7. In this problem, you are to implement an algorithm for the solution of shortest path problems using any variation you choose of the Bellman Ford and Dijkstra’s algorithms for sparse graphs. You must implement both a variation of Bellman Ford and a variation of Dijkstra. You can choose to implement Dijkstra with either a priority heap, or without one. The objective of the project is to time these algorithms for solution on two large test graphs. The shell program Shortest_paths.cpp has timers already in it. The two test graphs are stored as smallGraph.txt and Graph1.txt with the progam on GitHub. The graphs are very sparse.

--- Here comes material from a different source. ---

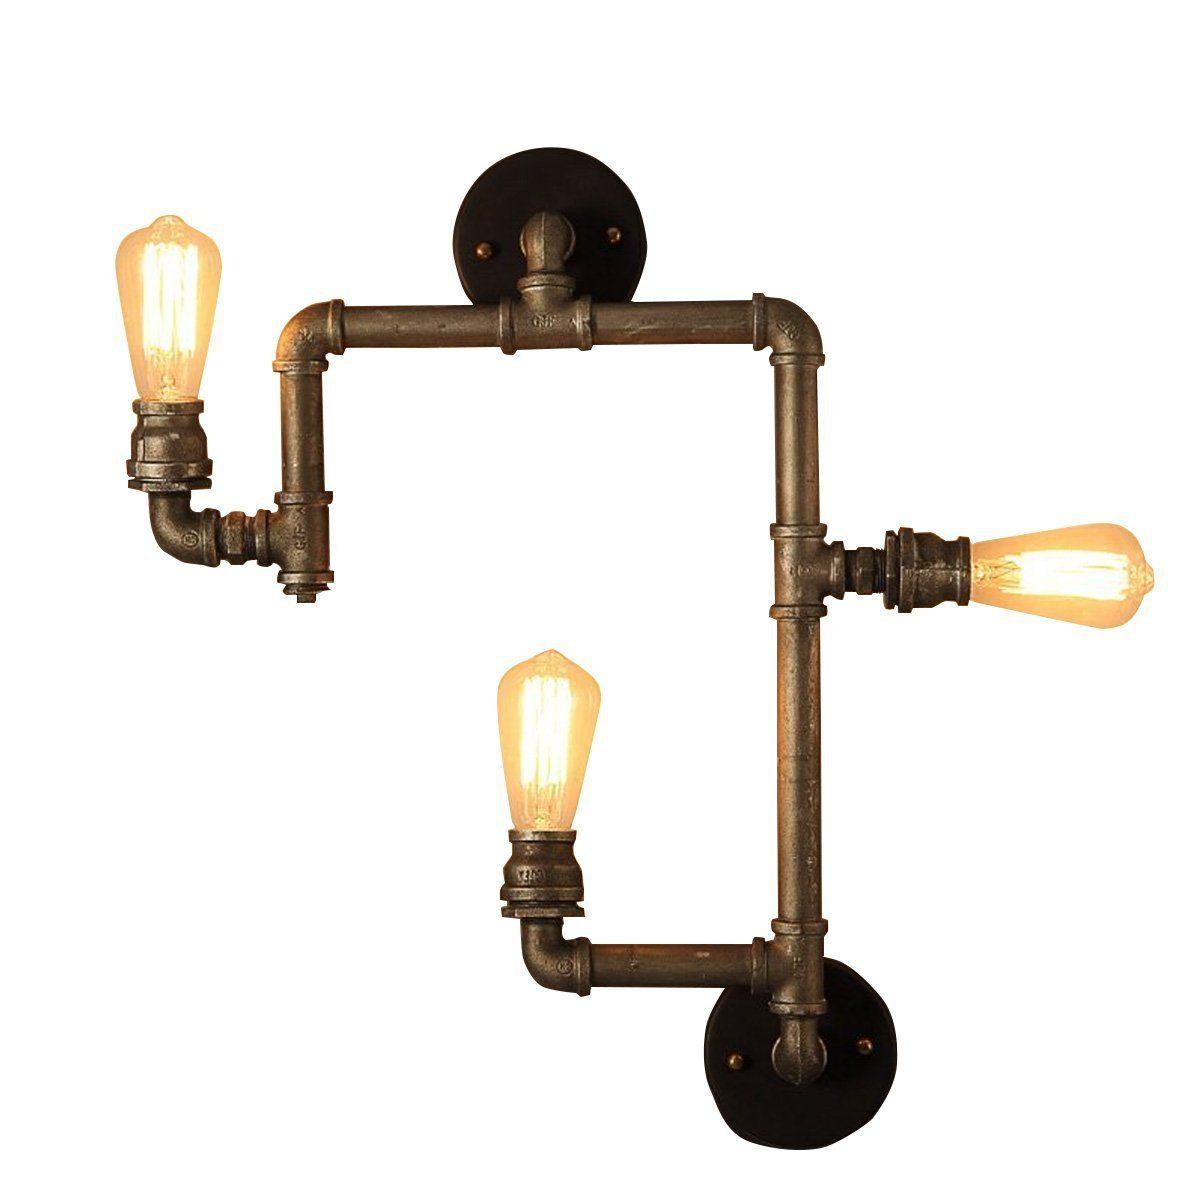 homestia industrial 3 lights retro wasserrohr wandleuchtens wandlampe bronze. Black Bedroom Furniture Sets. Home Design Ideas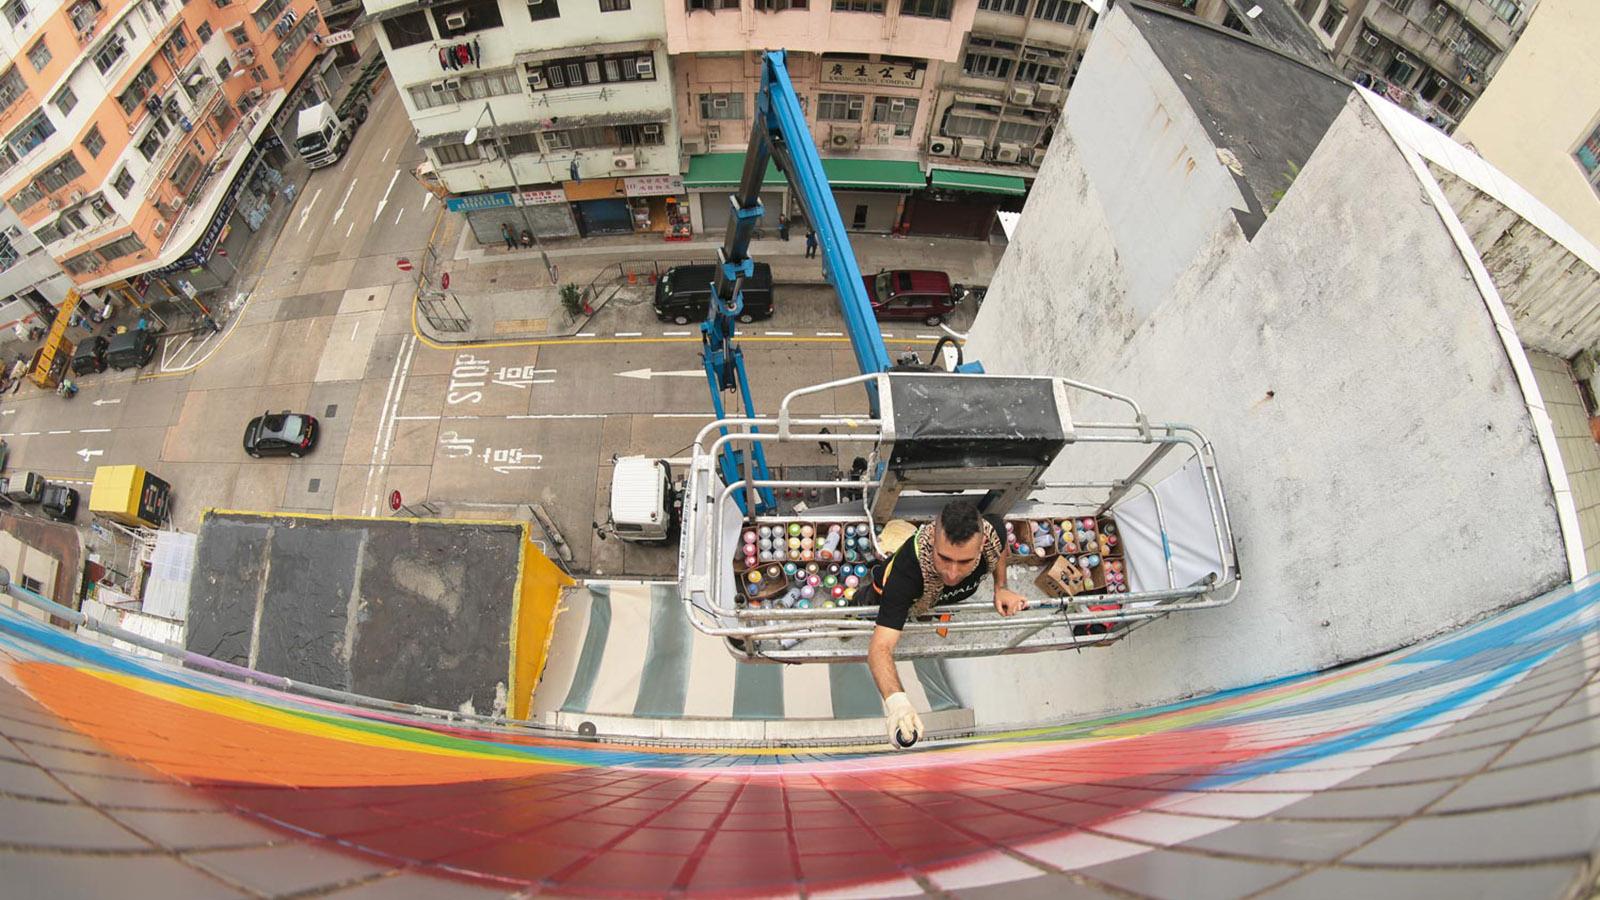 Hong Kong street art: Six unusual tours you can take | CNN Travel

Using the code provided or your own implementations, answer the questions below. Note that the nodes in the data (and in the code) will be indexed from 1 to number of nodes. The Shortest_paths.cpp is a fully functioning version of all code required with timers and output. You can use this or modify this as you see fit to report results for part (a) below.
(a) The first part is to report the times required by each of the two algorithms to compute a full shortest path tree with origin node 5. Be very patient with the Bellman-Ford algorithm. It will converge some day on SCC, so you should bring along some reading material or use scripts. Print out as output the computation times and the shortest distances and the shortest paths from node 5 to nodes 573, 1021, 5783 and 9875 for the larger of the two graphs Graph1.txt for each of the algorithms. A hard copy of these result should be turned in with your source code on the SCC.
(b) For extra credit, progam the O(N3) all to all distance finder. Sort the distances and plot the all distances to estimate the size width of graph in terms of the average distance in the distance matrx and the maximun distance. This program for the large graph will take a while so you should submit in batch queue.
Comment: To debug and test your program you may want to make a new input file with very few node (4 or 5) that you can easily solve on scrap of paper. Trace the program with lots of output.